- [Work task]:
Only one stretch of the data should be retyped: the lines from the line containing "Heat, smoke, and climate justice poster" through the line containing "A new pathway". Keep pictures out of it.

- [Records supplied]:
========================

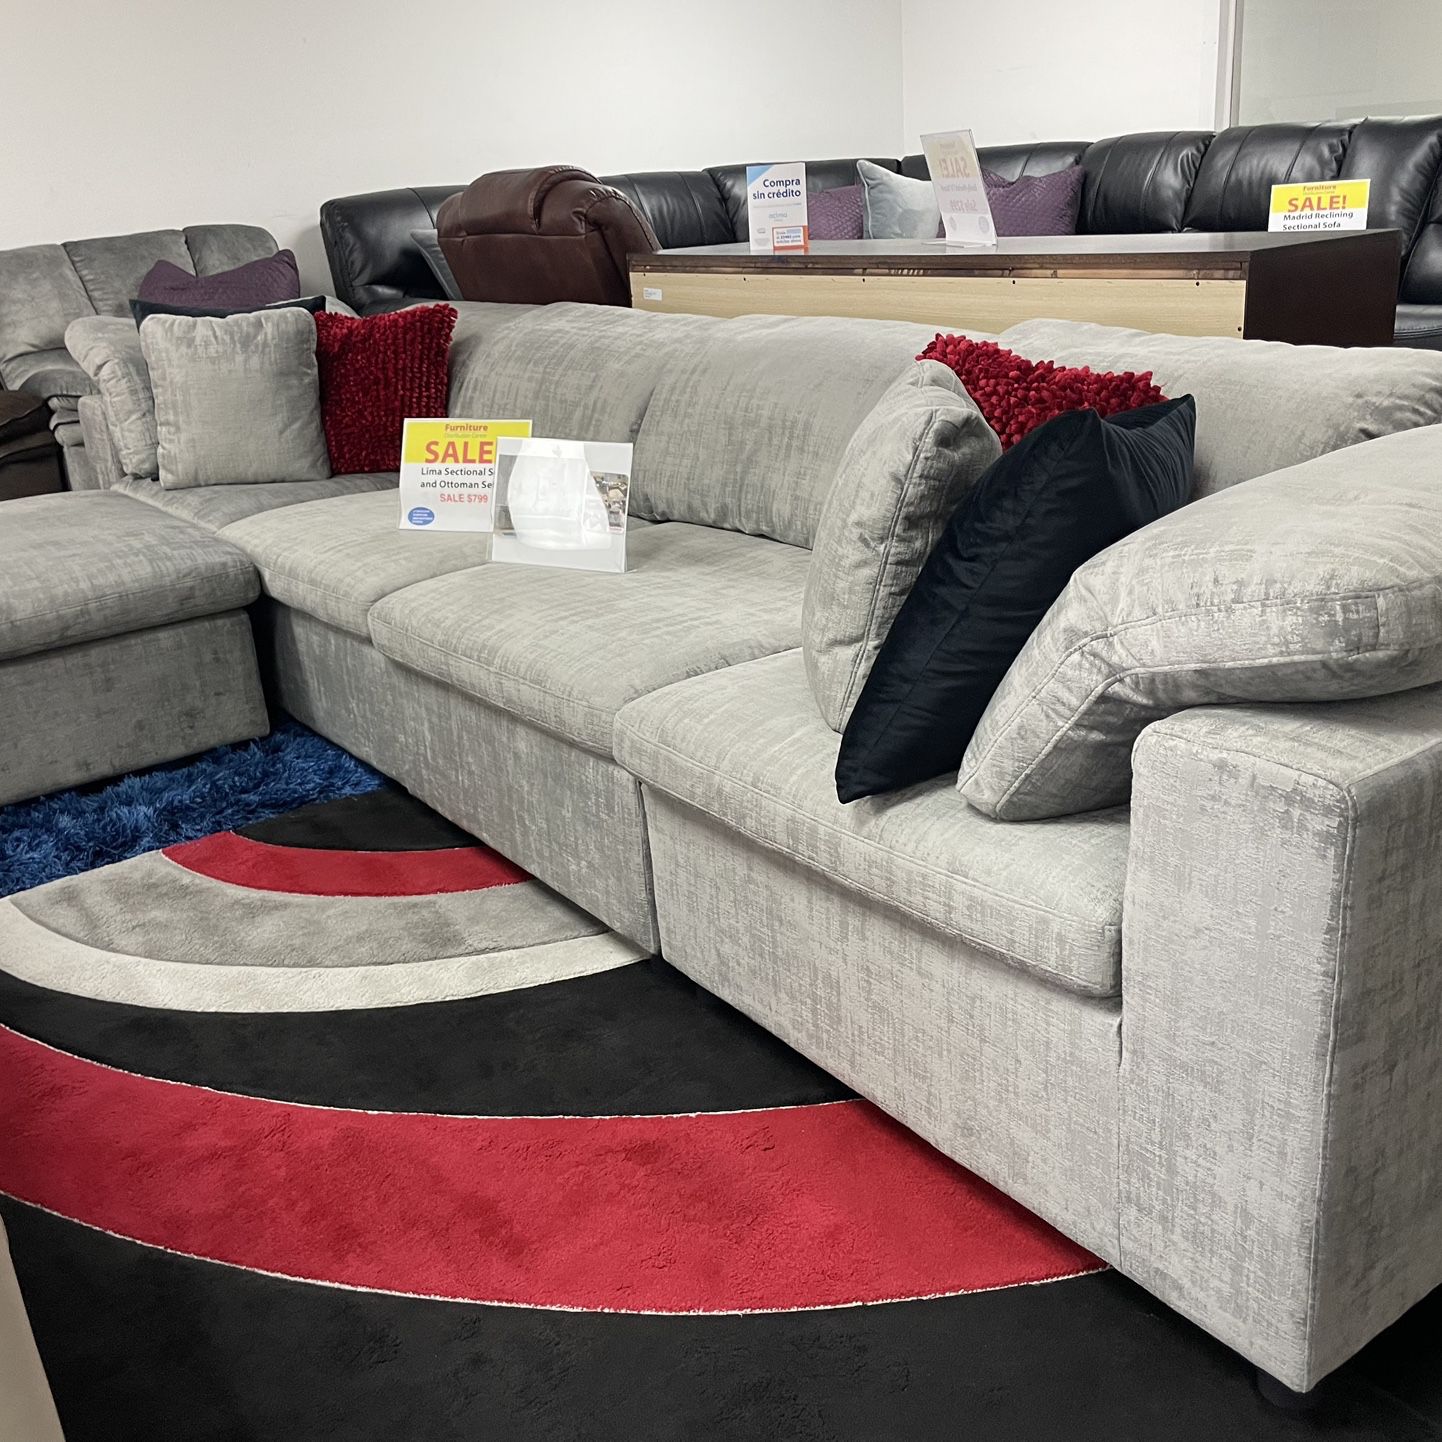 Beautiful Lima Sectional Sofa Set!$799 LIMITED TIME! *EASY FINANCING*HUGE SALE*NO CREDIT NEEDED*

========================

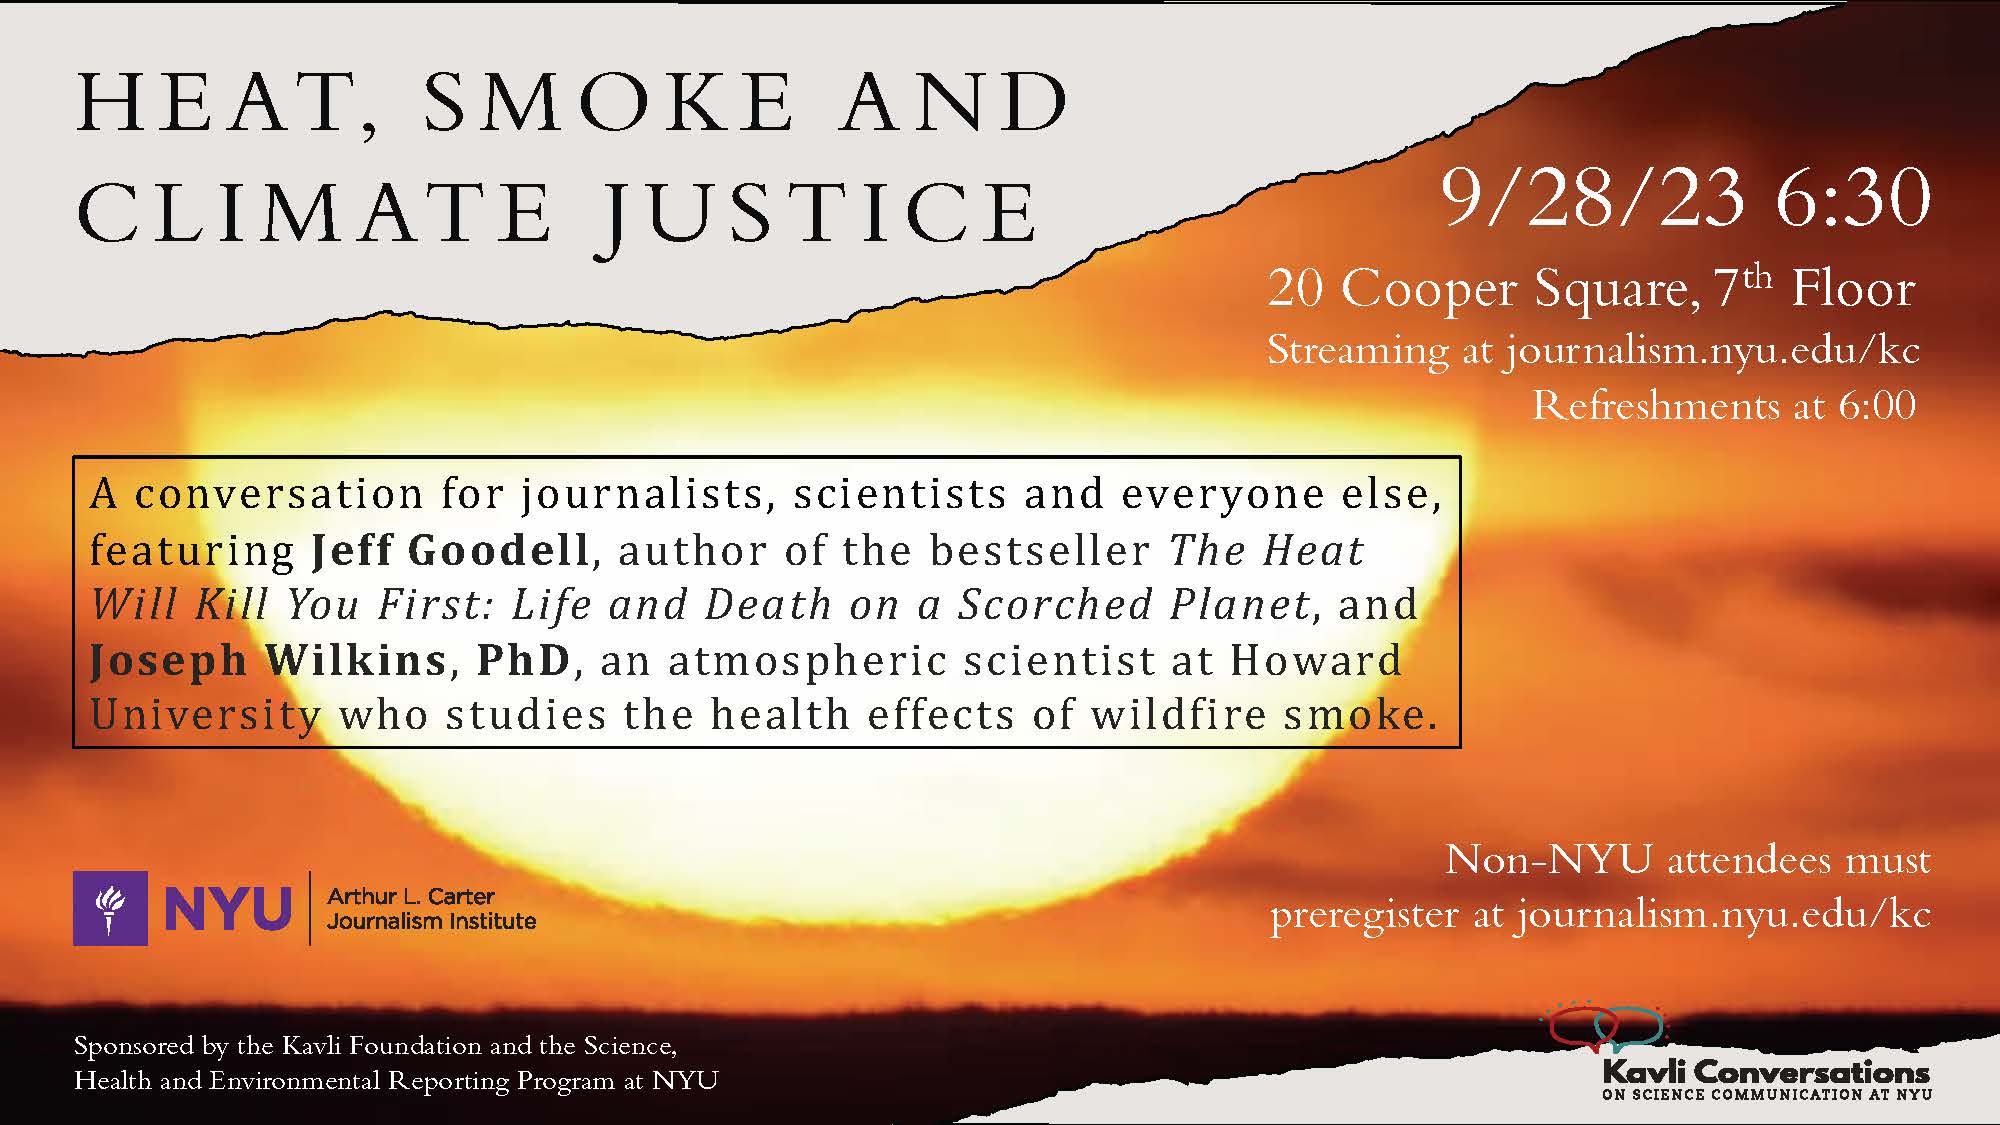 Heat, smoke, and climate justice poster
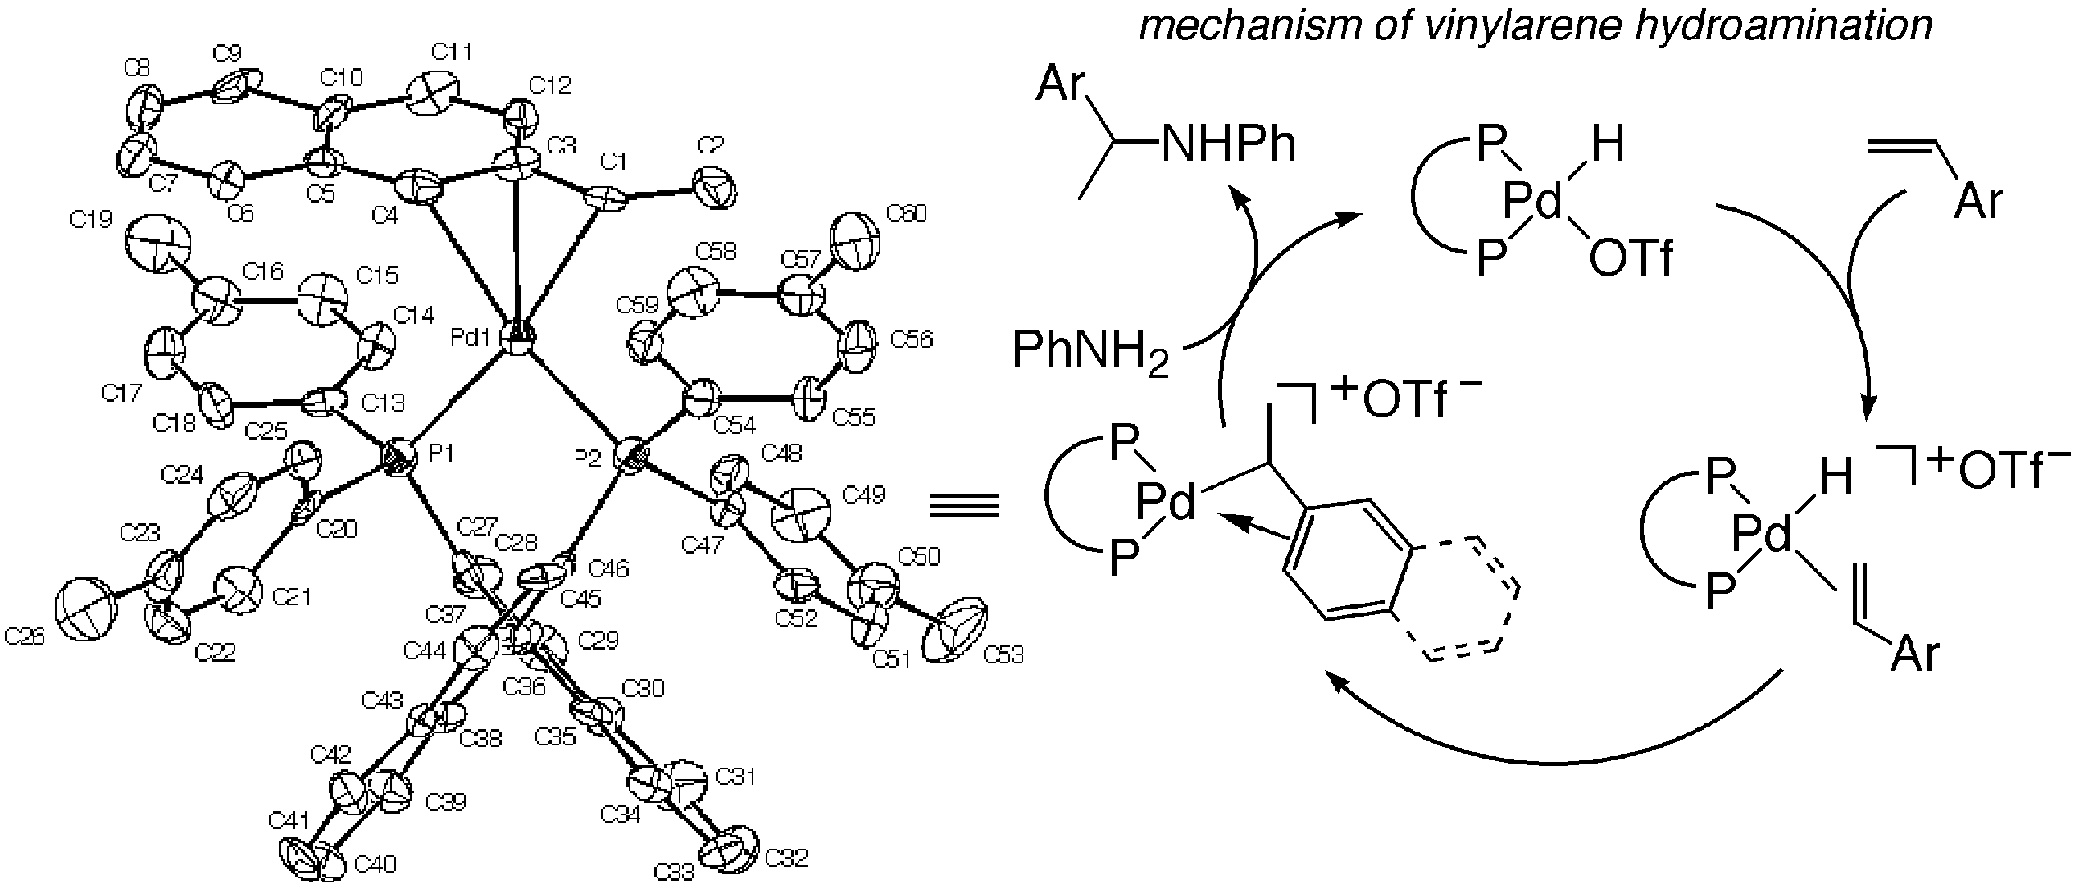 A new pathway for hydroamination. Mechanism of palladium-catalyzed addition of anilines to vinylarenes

========================

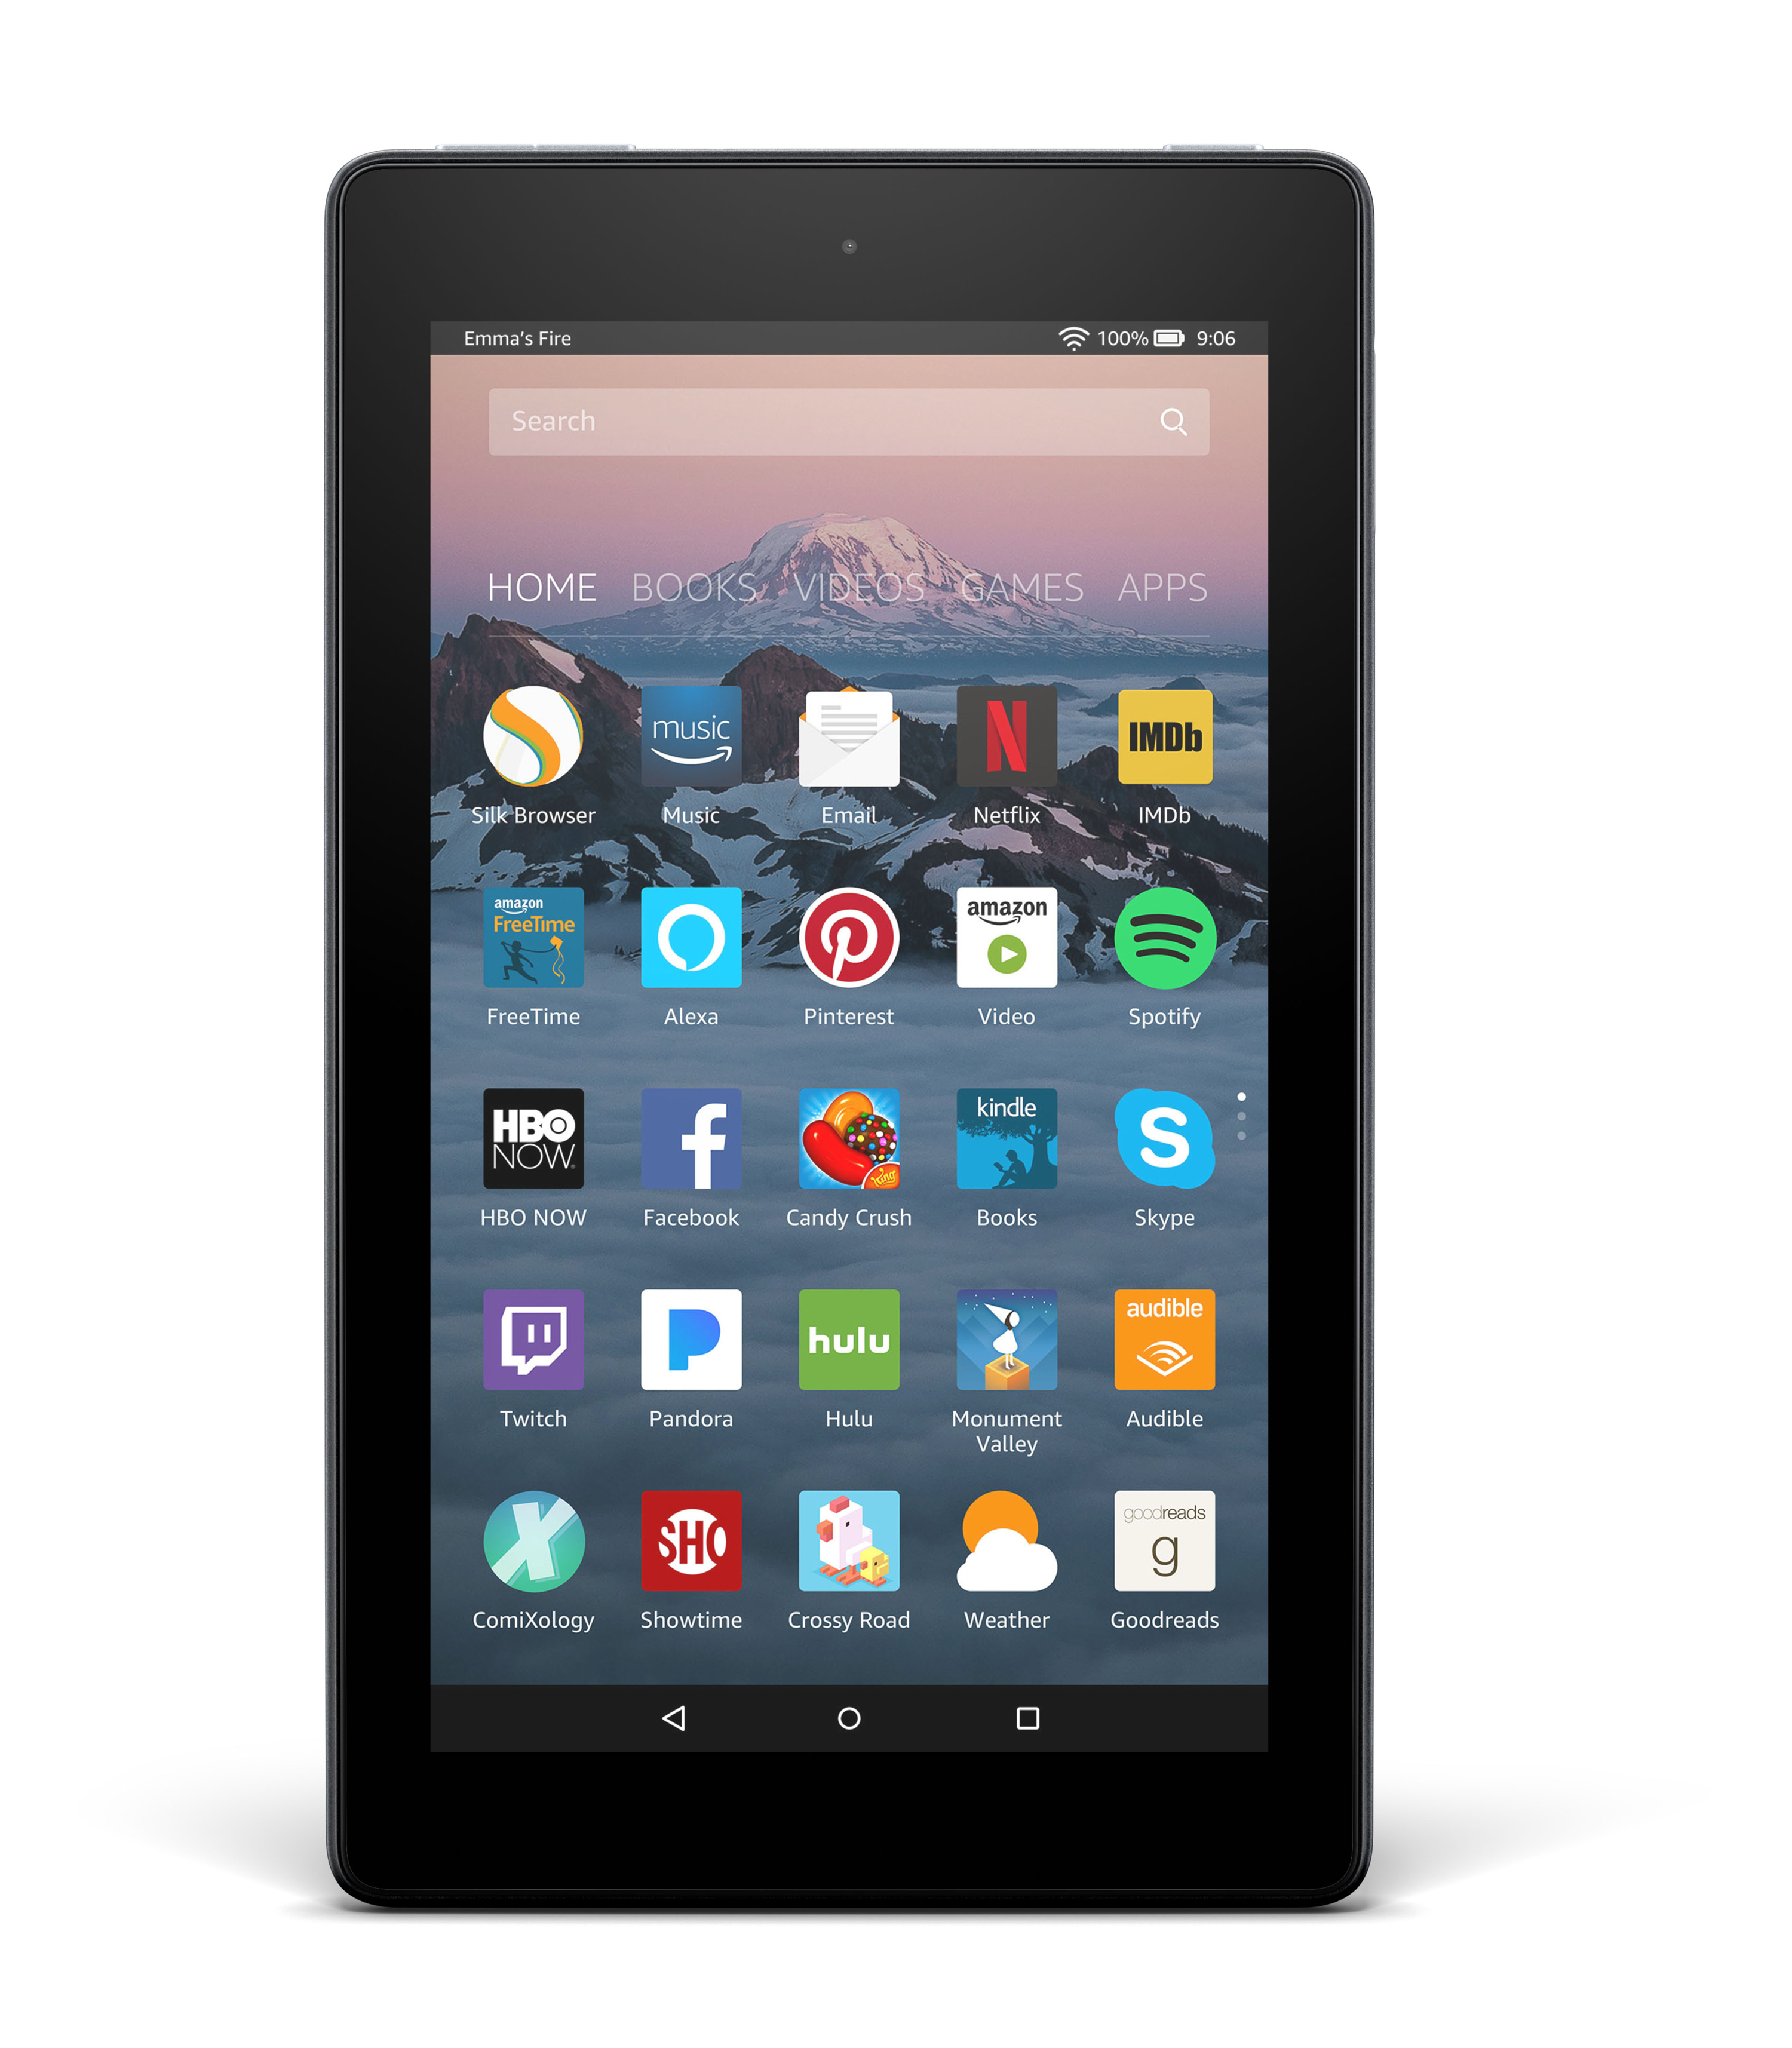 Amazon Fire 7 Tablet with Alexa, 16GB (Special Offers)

========================

- [Answer section]:
 Heat, smoke, and climate justice poster
 A new pathway for hydroamination. Mechanism of palladium-catalyzed addition of anilines to vinylarenes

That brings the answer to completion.